Opinion: Guantanamo Bay Violates Basic Human Rights
Updated: Oct 18, 2021
The Guantanamo Bay detention camp, which sits on land leased from Cuba, opened in 2002 in response to the terrorist attacks of 9/11. The camp was intended to detain only the most dangerous of prisoners, in order to interrogate them and prosecute them for committing war crimes. The U.S. began paying locals to turn over anyone that had a chance of being a terrorist. This allowed poor Afghan and Pakistani tribesmen to turn over anyone they captured, even innocent people, for a cash reward. On top of that, the U.S. tortured prisoners for information and held innocent civilians indefinitely. Once the public realized the inhumane conditions inside of the prison, their negative opinion of it forced Obama to promise to close it down in his 2008 presidential campaign.

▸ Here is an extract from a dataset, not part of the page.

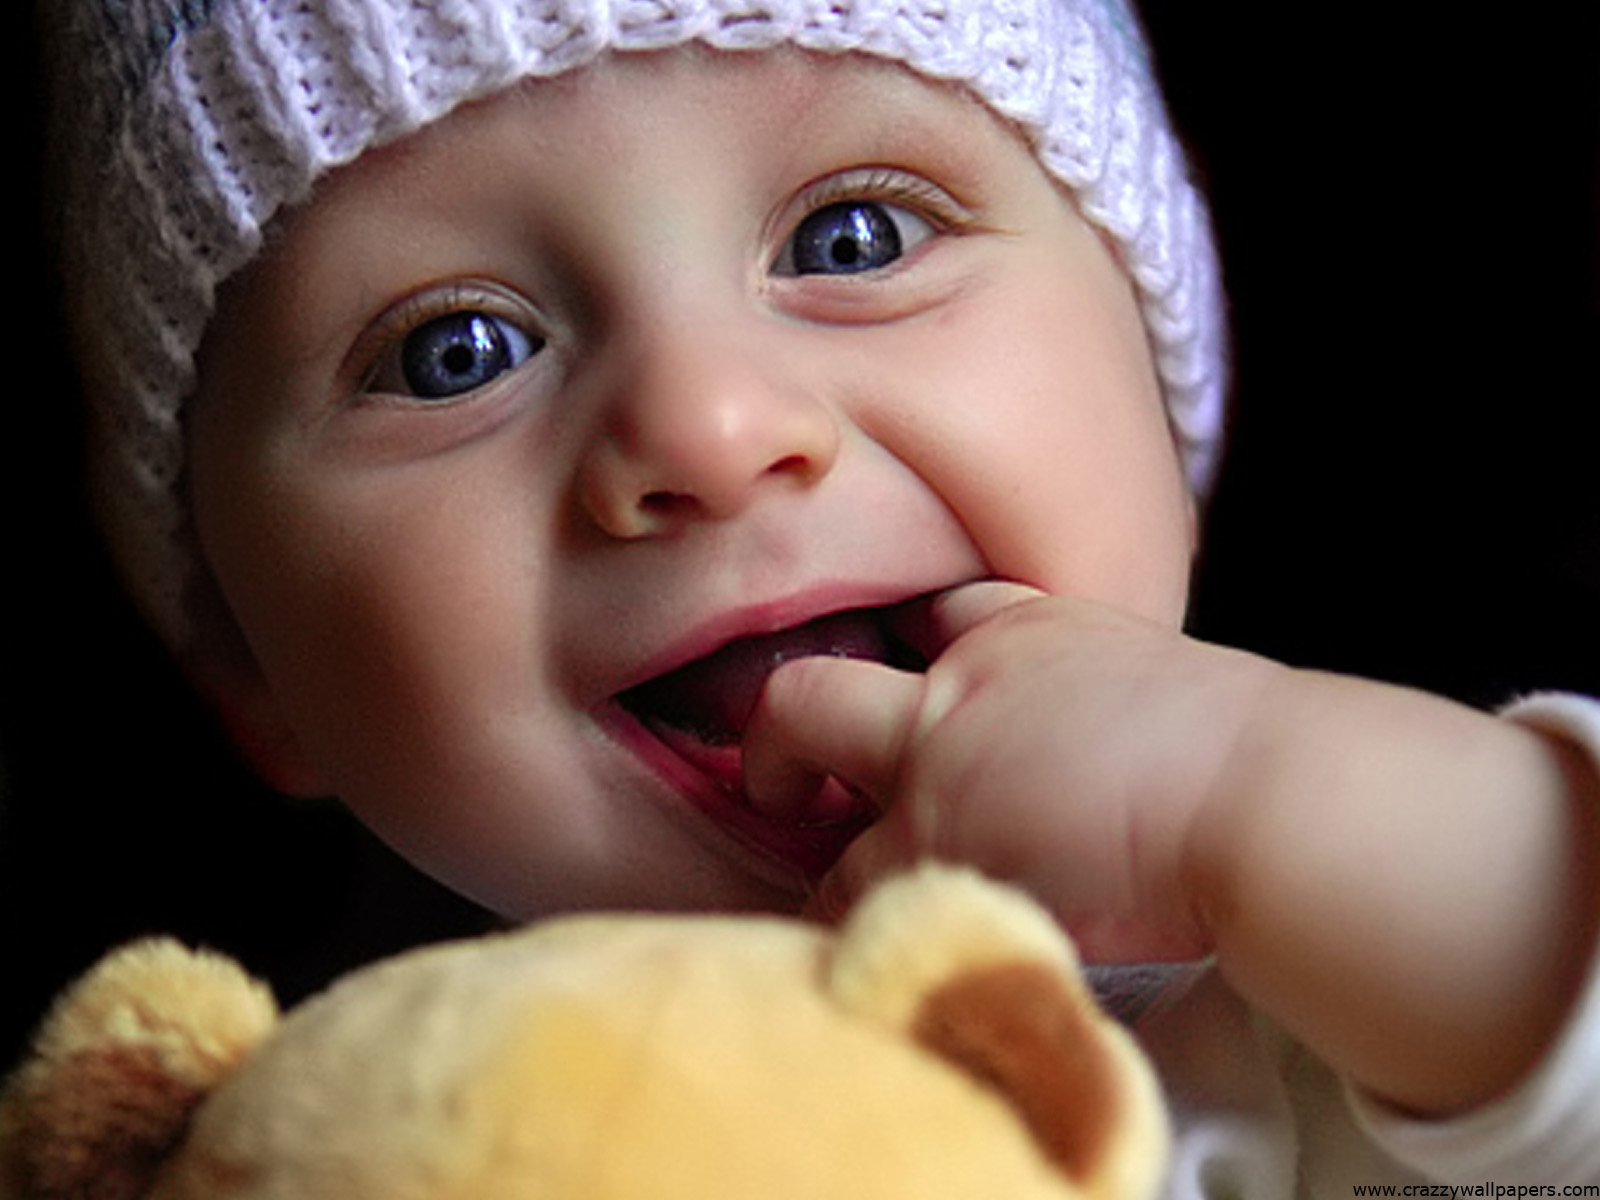 descarga gratuita de fondo de pantalla de muñeca,niño,bebé,sonrisa,labio,boca

Sami Al-Hajj, from Sudan, was a journalist for Al Jazeera who hoped to cover the events in the Chechnya republic of Russia. After the terrorist attacks of 9/11, he was sent near the Afghan border in Pakistan to cover the war as a cameraman. He was detained by the Taliban, and later by Pakistani authorities. Soon, he was transferred into American custody, where he suffered greatly.
Even though the American soldiers knew he was a journalist, they tortured him as if he was a prisoner. On his day-long flight to Guantanamo Bay, he wasn’t allowed to go to the bathroom or eat any food. At Guantanamo, he was prevented from sleeping for a whole week and was force-fed vomit-inducing quantities of food down a reused tube during his 480-day hunger strike. Like many other prisoners at Guantanamo Bay, he was never formally charged with a crime.
Al-Hajj stated that many of the prisoners were farmers, Uighurs escaping Chinese persecution, and humanitarian workers, who had no chance of posing a threat to U.S. national security. An example of the U.S. detaining innocent civilians involved six Bosnians originally from Algeria that were acquitted of terrorism charges in Bosnia. Bosnia, which had just finished fighting a civil war, was pressured to hand them over due to allegations that the men were planning an attack against a U.S. embassy. They were then held at Guantanamo for over four years on charges including teaching karate to orphans in Bosnia, serving out mandatory service as a cook in the Algerian army ten years ago, and wearing a popular Bosnian Muslim anniversary band that looked similar to a radical Palestinian group’s symbol.
Despite the common conception that most Guantanamo Bay detainees are terrorists, a report compiled in 2006 found that out of 517 detainees, very few prisoners were categorized as fighters for al-Qaeda, a major terrorist group. In addition, a very high majority of the detainees were captured while the U.S. still placed large bounties on the capture of suspected enemies. Maj. Gen. Michael Dunlavey, a former top military commander at Guantanamo Bay, complained to military officials about the amount of ordinary civilians being held as terrorists and was told to “please shut up and go home.” He estimated that over half of the prisoners were mistakenly kept there without any formal charges or a trial. And even more outrageous is the fact that only 16 detainees, out of a total of over 750, were ever charged with a crime.
Guantanamo Bay’s human rights violations are very extensive. Some of them include indefinite detention, willful torture, and inhumane conditions. Detainees are often placed in extremely cold rooms with loud music, forced to kneel for long periods at a time, stripped of their clothes, and face psychological and physical abuse. The karate teacher from Bosnia suffered a numb, partially paralyzed face. These human rights violations are also considered grave breaches and are legally defined as war crimes under the Third and Fourth Geneva Conventions, which the U.S. is a signatory to. No one, not even a convicted terrorist, deserves treatment in violation of basic human rights. For example, Theodore Kaczynski, an anarcho-primitivist also known as the Unabomber, killed three and injured 24 with his mail bombs, a far more serious than those of most people at Guantanamo. But even he doesn’t get beat up and tortured by prison guards. America always called out other nations, such as the Soviet Union, Vietnam, Iraq, and most recently, China, for violating human rights in their treatment of prisoners. When the human rights violations are happening in our nation, however, most politicians don’t seem to care. When Obama tried to close down Guantanamo Bay, he met strong Congressional opposition multiple times. Trump, on the other hand, is a strong supporter of the prison, having signed an executive order to keep the prison open indefinitely and supporting the use of waterboarding, a form of torture where drowning is simulated by pouring water at a prisoner’s face while covering their airways with a cloth. The easiest way to end the extensive list of human rights violations is to close Guantanamo Bay, formally charge the remaining detainees with a crime (if applicable to them), send them to a secure prison with strictly monitored guards located on American soil, and prosecute them as quickly as possible.